I'm ashamed to admit that one day, a few years ago, I joined Guru.com, in the hopes of scoring some easy, well-paying freelance work. Sadly, I was disappointed. Most of your competition on Guru.com comes in the form of:

  • High school script kiddies (Hourly rate: $15/hr)
  • Developers in India or Brazil (similar hourly rate).

The site is teeming with inexperienced, hopeless developers. Alas though, the plague isn't limited to the developers (which guru.com calls "Professionals"). Guru.com has a feature where they'll email you a few times a day with new projects that match your listed skillset. Initially, I thought this was rather annoying; but I soon came to realise it was rather entertaining.

It's quickly become clear to me that most of the people submitting projects have been burned by a Guru.com "professional". Too many of the projects state that you should only bid if you're an "experienced" developer, or that experienced developers can "complete this project in a few hours".

But clearly these "employers" aren't willing to put their money where their mouth is. An extraordinary number of projects have a budget of $100 or $150. At this rate, the only people they'll attract are high school kids, and offshore "programmers" (can you even call them that?).

I noted before that the "inexperienced, hopeless" plague wasn't limited to the developers. There seems to be two types of project on Guru.com: The Facebook clones, and the "I need someone to fix my code" project.

The Facebook clone is self-explainatory. Some guy thinks he can do better than Facebook or Myspace, but has no idea how to cut code. So he figures he can hire some cheap Brazilians to do it for him. Failure is pratically guaranteed.
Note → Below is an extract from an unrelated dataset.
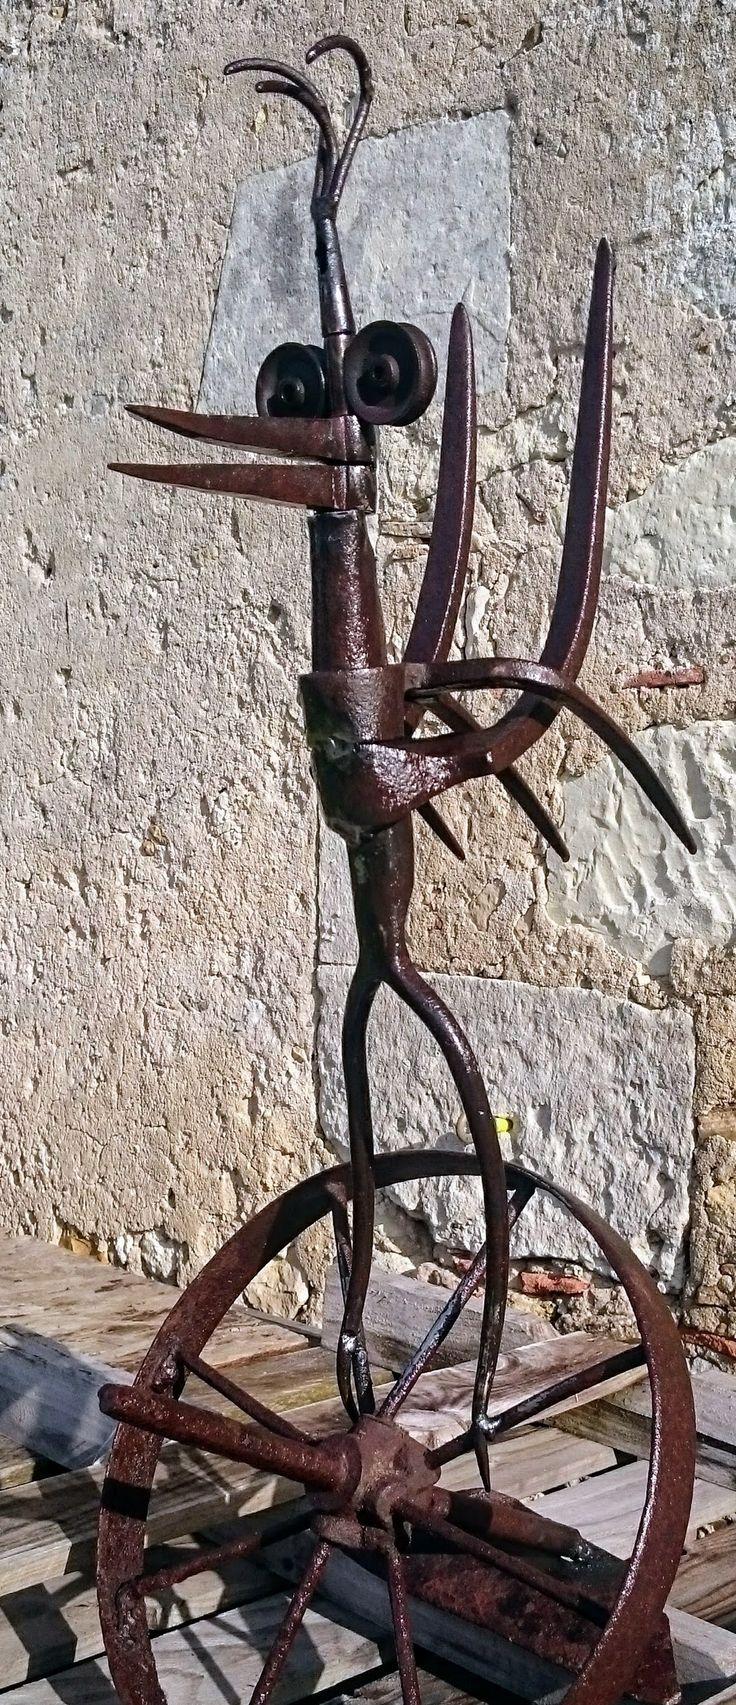 107 best metal images on pinterest abstract sculpture - Sculpture exterieure metal ...

The rest of the projects come about because either the "employer" has either written some code themselves, or paid some Guru.com hack to write code, and they need someone to fix the broken codebase. You guessed it; Budget: $100.

These guys have no idea about quality of code, and most have no idea what they're doing. Here's a great example:

PHP to Apache C Mod
I have a PHP application complete with classes that needs to be translated into an Apache C Module. The application has 15 classes, 4 include files, and 6 php pages. The php pages are rather simple because everything has been written into classes. The application does not use any special PHP extensions beside mysql.

I am looking for the PHP application to be recoded into Apache Module for performance reasons.


Gold. He's hacked together some PHP pages that presumably perform some sort of calculation. The algorithm he's implemented is probably O(n^3), or worse. Naturally, instead of blaming his poor code, he's decided that it'd be easier to hire some offshore coder to translate the application to an Apache module. Of course, he hasn't thought of the consequences of that such as; making Apache unstable, dealing with changes to the ABI when he upgrades Apache, or the fact that finding someone to maintain the module when it's written will be difficult (and probably, expensive).

Meanwhile, Guru.com provides me with a three-times-daily source of entertainment. Keep the good work up, guys.